## Task requirements
Only one portion of the data is to be written out: from the line bearing "Der Florence Knoll" through the line bearing "Der britische Royal". Write it exactly as it appears.
--------------------------------------------------
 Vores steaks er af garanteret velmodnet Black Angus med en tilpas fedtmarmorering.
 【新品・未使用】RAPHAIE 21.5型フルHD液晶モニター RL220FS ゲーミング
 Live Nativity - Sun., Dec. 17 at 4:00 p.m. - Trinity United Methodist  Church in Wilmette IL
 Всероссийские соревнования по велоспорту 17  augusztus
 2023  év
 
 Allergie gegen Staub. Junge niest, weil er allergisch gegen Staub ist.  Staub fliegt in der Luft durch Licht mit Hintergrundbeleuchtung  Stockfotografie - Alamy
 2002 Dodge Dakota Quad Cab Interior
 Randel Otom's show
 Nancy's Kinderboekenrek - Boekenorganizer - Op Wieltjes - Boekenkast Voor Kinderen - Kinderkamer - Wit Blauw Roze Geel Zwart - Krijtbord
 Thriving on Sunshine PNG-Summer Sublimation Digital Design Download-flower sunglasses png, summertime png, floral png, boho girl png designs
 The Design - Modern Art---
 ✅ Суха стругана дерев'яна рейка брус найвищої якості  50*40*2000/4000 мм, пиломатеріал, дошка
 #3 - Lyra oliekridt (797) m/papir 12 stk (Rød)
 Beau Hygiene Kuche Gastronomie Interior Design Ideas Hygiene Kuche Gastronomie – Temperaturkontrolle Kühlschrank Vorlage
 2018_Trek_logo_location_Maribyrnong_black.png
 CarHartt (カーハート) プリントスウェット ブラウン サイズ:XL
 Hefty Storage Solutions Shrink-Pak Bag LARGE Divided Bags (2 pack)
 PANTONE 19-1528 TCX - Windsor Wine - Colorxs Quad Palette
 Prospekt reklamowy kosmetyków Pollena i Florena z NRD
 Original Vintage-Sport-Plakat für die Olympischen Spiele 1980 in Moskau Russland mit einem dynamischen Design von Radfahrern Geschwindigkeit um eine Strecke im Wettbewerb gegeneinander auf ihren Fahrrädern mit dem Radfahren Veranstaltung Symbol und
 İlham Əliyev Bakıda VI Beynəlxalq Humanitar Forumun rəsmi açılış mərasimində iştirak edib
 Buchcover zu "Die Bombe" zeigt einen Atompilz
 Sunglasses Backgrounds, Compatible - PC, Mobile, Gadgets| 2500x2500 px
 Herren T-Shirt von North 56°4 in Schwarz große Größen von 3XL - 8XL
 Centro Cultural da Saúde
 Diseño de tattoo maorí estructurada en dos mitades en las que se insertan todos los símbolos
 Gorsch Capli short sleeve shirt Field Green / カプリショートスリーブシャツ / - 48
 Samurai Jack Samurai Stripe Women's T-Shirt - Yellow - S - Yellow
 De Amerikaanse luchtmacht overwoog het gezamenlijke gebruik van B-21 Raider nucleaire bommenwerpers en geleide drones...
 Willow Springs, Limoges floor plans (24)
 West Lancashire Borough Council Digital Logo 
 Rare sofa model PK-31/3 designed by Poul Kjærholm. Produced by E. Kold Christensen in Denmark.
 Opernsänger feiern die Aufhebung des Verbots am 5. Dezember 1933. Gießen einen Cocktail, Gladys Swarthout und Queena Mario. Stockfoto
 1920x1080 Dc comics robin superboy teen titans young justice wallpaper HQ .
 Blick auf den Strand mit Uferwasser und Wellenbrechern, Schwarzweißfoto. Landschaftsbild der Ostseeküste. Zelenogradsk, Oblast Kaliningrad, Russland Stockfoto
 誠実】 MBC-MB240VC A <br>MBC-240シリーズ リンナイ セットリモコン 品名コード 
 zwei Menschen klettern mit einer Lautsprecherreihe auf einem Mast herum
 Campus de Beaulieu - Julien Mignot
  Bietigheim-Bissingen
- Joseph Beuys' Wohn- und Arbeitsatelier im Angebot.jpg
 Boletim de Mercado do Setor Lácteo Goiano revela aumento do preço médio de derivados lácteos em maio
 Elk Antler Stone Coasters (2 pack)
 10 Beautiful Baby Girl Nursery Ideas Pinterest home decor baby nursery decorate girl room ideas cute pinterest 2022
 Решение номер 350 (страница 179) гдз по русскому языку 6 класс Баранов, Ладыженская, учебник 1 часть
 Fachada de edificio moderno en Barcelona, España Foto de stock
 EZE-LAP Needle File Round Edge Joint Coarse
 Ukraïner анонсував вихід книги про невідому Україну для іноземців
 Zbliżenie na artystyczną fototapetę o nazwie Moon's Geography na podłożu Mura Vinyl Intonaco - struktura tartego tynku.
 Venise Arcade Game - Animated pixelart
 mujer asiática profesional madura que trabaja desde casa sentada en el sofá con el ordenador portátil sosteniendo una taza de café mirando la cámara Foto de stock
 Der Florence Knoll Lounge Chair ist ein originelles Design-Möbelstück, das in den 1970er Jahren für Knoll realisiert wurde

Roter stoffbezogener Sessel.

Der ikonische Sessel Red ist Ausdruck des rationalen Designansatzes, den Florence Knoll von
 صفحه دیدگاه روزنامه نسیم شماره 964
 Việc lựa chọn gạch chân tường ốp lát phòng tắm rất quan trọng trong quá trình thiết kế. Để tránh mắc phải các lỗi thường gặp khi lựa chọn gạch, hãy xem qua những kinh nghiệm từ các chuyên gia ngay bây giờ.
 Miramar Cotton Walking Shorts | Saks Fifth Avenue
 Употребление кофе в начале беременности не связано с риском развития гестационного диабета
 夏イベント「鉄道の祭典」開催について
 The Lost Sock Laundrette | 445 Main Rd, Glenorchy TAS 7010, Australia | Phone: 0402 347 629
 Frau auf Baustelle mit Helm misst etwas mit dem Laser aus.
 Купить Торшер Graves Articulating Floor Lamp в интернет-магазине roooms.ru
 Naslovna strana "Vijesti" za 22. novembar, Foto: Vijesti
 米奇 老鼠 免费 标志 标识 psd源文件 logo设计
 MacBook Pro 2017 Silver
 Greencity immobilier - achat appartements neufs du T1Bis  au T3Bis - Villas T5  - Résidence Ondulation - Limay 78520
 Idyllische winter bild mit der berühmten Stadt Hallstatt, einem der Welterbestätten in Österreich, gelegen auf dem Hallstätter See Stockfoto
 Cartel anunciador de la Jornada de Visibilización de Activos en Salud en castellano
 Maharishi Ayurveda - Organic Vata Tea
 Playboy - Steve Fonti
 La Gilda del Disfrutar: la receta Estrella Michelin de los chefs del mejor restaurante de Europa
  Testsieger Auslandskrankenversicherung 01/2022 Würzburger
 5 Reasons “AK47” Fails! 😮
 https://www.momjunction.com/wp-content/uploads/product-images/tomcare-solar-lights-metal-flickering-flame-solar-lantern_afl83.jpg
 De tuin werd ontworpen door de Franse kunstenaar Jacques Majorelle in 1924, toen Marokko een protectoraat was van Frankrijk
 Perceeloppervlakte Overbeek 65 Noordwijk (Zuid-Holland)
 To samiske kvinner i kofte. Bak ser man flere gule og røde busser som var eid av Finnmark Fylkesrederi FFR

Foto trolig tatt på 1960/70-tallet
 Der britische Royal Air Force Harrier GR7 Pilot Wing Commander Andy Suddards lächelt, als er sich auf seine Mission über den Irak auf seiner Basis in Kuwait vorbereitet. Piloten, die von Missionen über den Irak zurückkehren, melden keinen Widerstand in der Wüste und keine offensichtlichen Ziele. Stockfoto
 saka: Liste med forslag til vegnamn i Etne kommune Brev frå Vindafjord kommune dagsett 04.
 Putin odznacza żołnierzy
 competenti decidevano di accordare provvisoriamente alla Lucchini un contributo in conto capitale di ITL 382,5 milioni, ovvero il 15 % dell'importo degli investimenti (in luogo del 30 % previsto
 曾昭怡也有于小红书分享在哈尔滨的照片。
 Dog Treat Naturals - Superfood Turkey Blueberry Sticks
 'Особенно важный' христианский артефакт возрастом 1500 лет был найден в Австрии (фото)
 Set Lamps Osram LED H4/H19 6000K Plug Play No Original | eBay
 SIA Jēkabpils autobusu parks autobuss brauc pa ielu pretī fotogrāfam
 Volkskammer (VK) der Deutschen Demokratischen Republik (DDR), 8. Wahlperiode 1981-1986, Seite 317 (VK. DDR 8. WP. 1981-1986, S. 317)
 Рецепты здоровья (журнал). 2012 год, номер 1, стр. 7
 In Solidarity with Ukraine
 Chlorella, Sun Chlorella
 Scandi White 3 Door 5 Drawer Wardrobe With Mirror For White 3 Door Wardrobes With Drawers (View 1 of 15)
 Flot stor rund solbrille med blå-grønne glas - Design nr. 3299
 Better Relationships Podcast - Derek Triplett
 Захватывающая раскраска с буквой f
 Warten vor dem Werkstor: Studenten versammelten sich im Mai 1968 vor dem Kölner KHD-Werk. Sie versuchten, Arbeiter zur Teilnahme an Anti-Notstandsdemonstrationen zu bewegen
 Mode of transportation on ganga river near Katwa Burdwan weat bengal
--------------------------------------------------
## Output of the task
 Der Florence Knoll Lounge Chair ist ein originelles Design-Möbelstück, das in den 1970er Jahren für Knoll realisiert wurde

Roter stoffbezogener Sessel.

Der ikonische Sessel Red ist Ausdruck des rationalen Designansatzes, den Florence Knoll von
 صفحه دیدگاه روزنامه نسیم شماره 964
 Việc lựa chọn gạch chân tường ốp lát phòng tắm rất quan trọng trong quá trình thiết kế. Để tránh mắc phải các lỗi thường gặp khi lựa chọn gạch, hãy xem qua những kinh nghiệm từ các chuyên gia ngay bây giờ.
 Miramar Cotton Walking Shorts | Saks Fifth Avenue
 Употребление кофе в начале беременности не связано с риском развития гестационного диабета
 夏イベント「鉄道の祭典」開催について
 The Lost Sock Laundrette | 445 Main Rd, Glenorchy TAS 7010, Australia | Phone: 0402 347 629
 Frau auf Baustelle mit Helm misst etwas mit dem Laser aus.
 Купить Торшер Graves Articulating Floor Lamp в интернет-магазине roooms.ru
 Naslovna strana "Vijesti" za 22. novembar, Foto: Vijesti
 米奇 老鼠 免费 标志 标识 psd源文件 logo设计
 MacBook Pro 2017 Silver
 Greencity immobilier - achat appartements neufs du T1Bis  au T3Bis - Villas T5  - Résidence Ondulation - Limay 78520
 Idyllische winter bild mit der berühmten Stadt Hallstatt, einem der Welterbestätten in Österreich, gelegen auf dem Hallstätter See Stockfoto
 Cartel anunciador de la Jornada de Visibilización de Activos en Salud en castellano
 Maharishi Ayurveda - Organic Vata Tea
 Playboy - Steve Fonti
 La Gilda del Disfrutar: la receta Estrella Michelin de los chefs del mejor restaurante de Europa
  Testsieger Auslandskrankenversicherung 01/2022 Würzburger
 5 Reasons “AK47” Fails! 😮
 https://www.momjunction.com/wp-content/uploads/product-images/tomcare-solar-lights-metal-flickering-flame-solar-lantern_afl83.jpg
 De tuin werd ontworpen door de Franse kunstenaar Jacques Majorelle in 1924, toen Marokko een protectoraat was van Frankrijk
 Perceeloppervlakte Overbeek 65 Noordwijk (Zuid-Holland)
 To samiske kvinner i kofte. Bak ser man flere gule og røde busser som var eid av Finnmark Fylkesrederi FFR

Foto trolig tatt på 1960/70-tallet
 Der britische Royal Air Force Harrier GR7 Pilot Wing Commander Andy Suddards lächelt, als er sich auf seine Mission über den Irak auf seiner Basis in Kuwait vorbereitet. Piloten, die von Missionen über den Irak zurückkehren, melden keinen Widerstand in der Wüste und keine offensichtlichen Ziele. Stockfoto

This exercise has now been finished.